Max turned on her heels and made straight for the kitchen. She took her earnings begrudgingly from the night manager and off she went, quick to rip off the wig and the heels when she was out of sight. She walked barefoot back to Sabrina's with the heels in hand and a grin painted on her face.
----------------
"You told me the game was fixed," Jarl answered Benjamin's bewilderment and ire with perplexity. "I thought the dealer was crooked in our favor?"
"So did I," Benjamin said through gnashed teeth, pacing with a whiskey in hand. "Green had it set up before..."
"Fucking Green," Jarl growled. "Wretch."
"Have you found him yet?"
"Not yet. I will. He isn't long for this world, I promise you that. Not after what he did...to her."
"Is he so petty and spiteful and foolhardy he'd stick around to ruin the deal? That he'd fuck me over instead of fleeing far from here to save his own hide?"
"I've never known Green to be anything but selfish. In either case he's a dead man."
"Make it so!" Benjamin took a long swig of his drink. "We now have a more immediate problem to deal with in the meantime."
Benjamin walked over to his liquor cabinet and retrieved the whole bottle. He cast aside the small glass and unscrewed the cap so he could take a bigger pull of liquor. Only when his throat was good and burned could he speak of his troubles again to his underling.
"Tristane can't know," Benjamin said firmly. "He can't, Jarl. He'll fucking kill me if he ever finds out."
"Aye," Jarl agreed. "He's a cunning man, your brother. This won't stay hidden long unless it's sorted."

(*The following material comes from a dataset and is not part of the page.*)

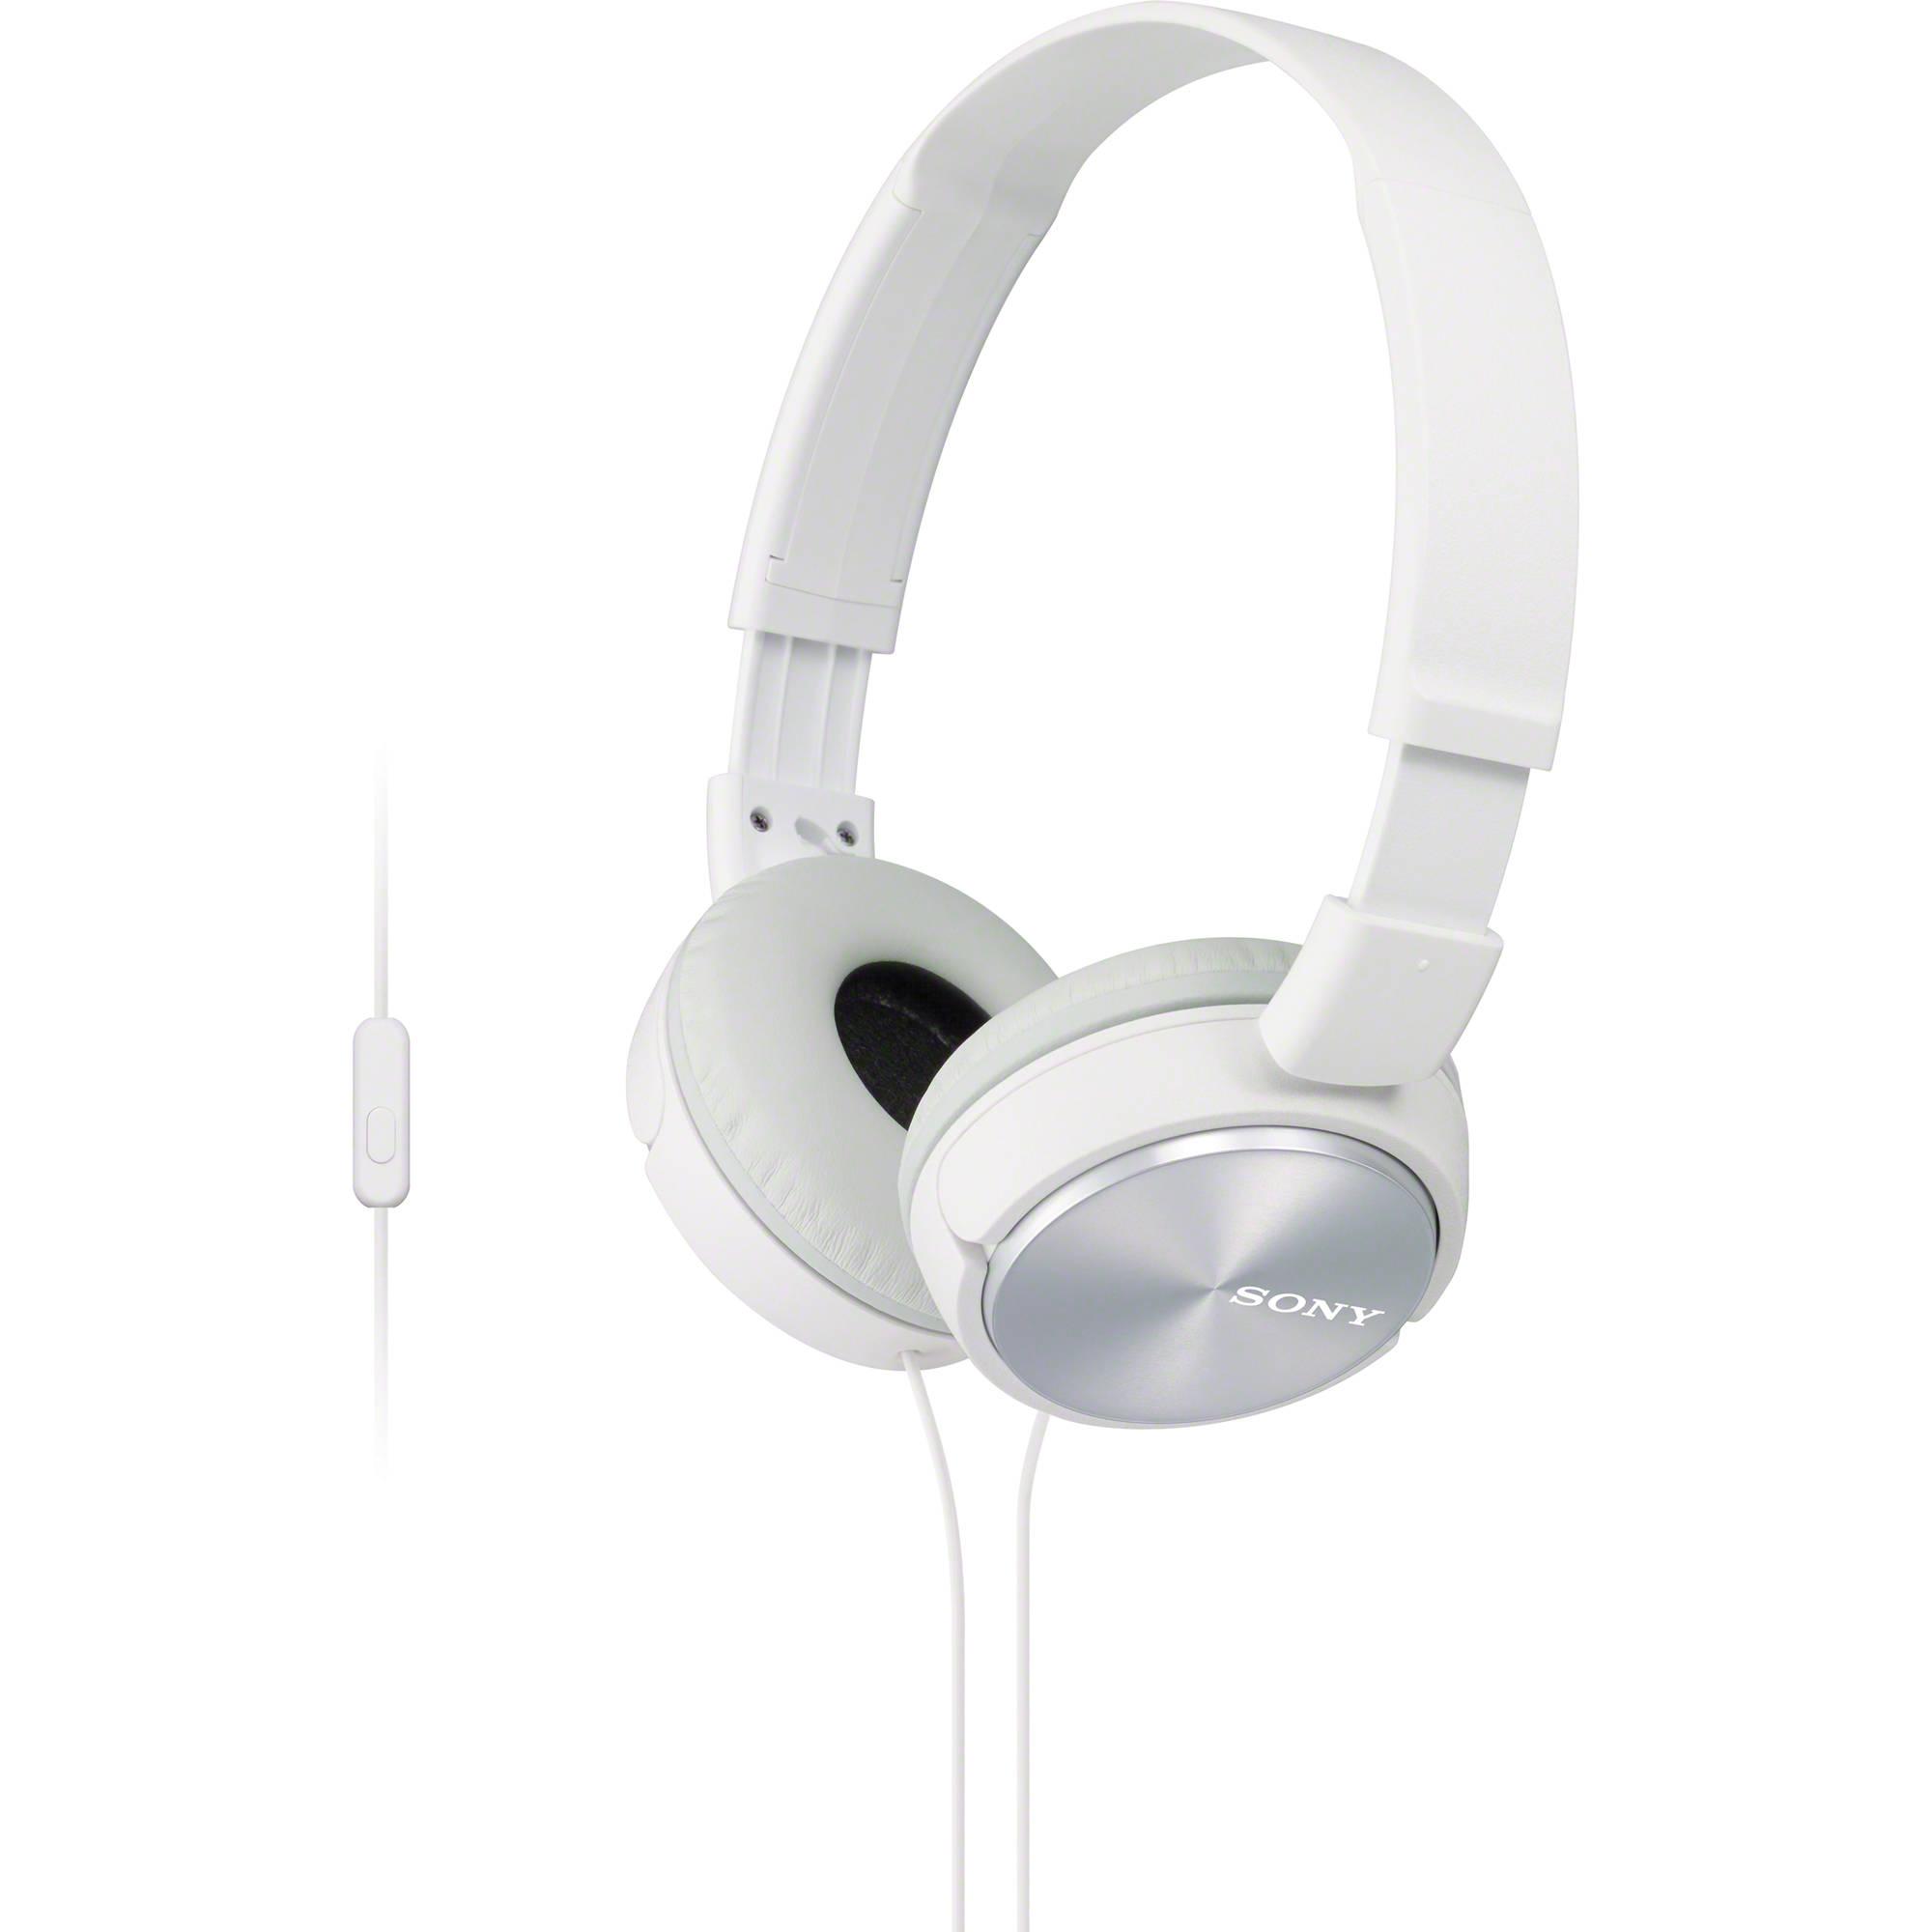 Гарнитура Sony MDR-ZX310AP WhiteНаушники и гарнитуры<br>Sony MDR-ZX310AP White совмещает несовместимое.<br>Накладные наушники Sony MDR-ZX310AP White — это не только качественный фирменный звук Sony, но и удобная гарнитура. Так что, если вы раньше считали, что хорошая гарнитура, качественное звучание и доступная цена — вещи несовместимые, пришло самое время расстаться с этим заблуждением.<br>Встроенный в провод чувствительный микрофон, легкая складная конструкция, мягкие амбушюры, двустороннее подключение кабеля — у этой модели есть все для вашего комфорта. Причем, как для прослушивания музыки, так и для общения. Осталось...<br><br>Тип: гарнитура<br>Тип акустического оформления: Закрытые<br>Вид наушников: Накладные<br>Тип подключения: Проводные<br>Диапазон воспроизводимых частот, Гц: 10-24000<br>Сопротивление, Импеданс: 24 Ом<br>Чувствительность дБ: 98<br>Микрофон: есть

"Indeed. I put it in the ledger. We still have merchants on the route. The annual largest of the arc should be arriving by caravan before the snow. If we can play the numbers, we can hide the debt at least until then."
"That can work, sir," Jarl thought it over with a scratch at his chin. "It just might let us scrape by."
"Get the ledger from my office," Benjamin ordered, pinching the bridge of his nose. "I want it down to The Accountant tonight. I don't care if you wake him up. Throw him the coin we don't have if you have to, but we need him to find a way to keep us afloat and everything look right should Tristane glance it himself."
Jarl nodded and vanished from the firelight of the main room. Benjamin placed a forearm on the mantle of his fireplace, letting the heat from the flames blast against his cheeks and the whiskey irritate his throat. He closed his eyes. For a moment he thought he could understand the inclination for a man to put a bolt in his brain like Edward Hunt. Jarl reappeared with empty hands but a pale face.
"Sir...where's the ledger?"
Down the street Max had the bound book of sin tucked tightly under her arm. She gave a whistle as she rounded the corner back toward the entrance to the underground. Her ankles buzzed just a bit from the heels and the drop from Benjamin's office window to the street. She slipped the key she'd stolen to the residence long ago back into the safety of her pocket.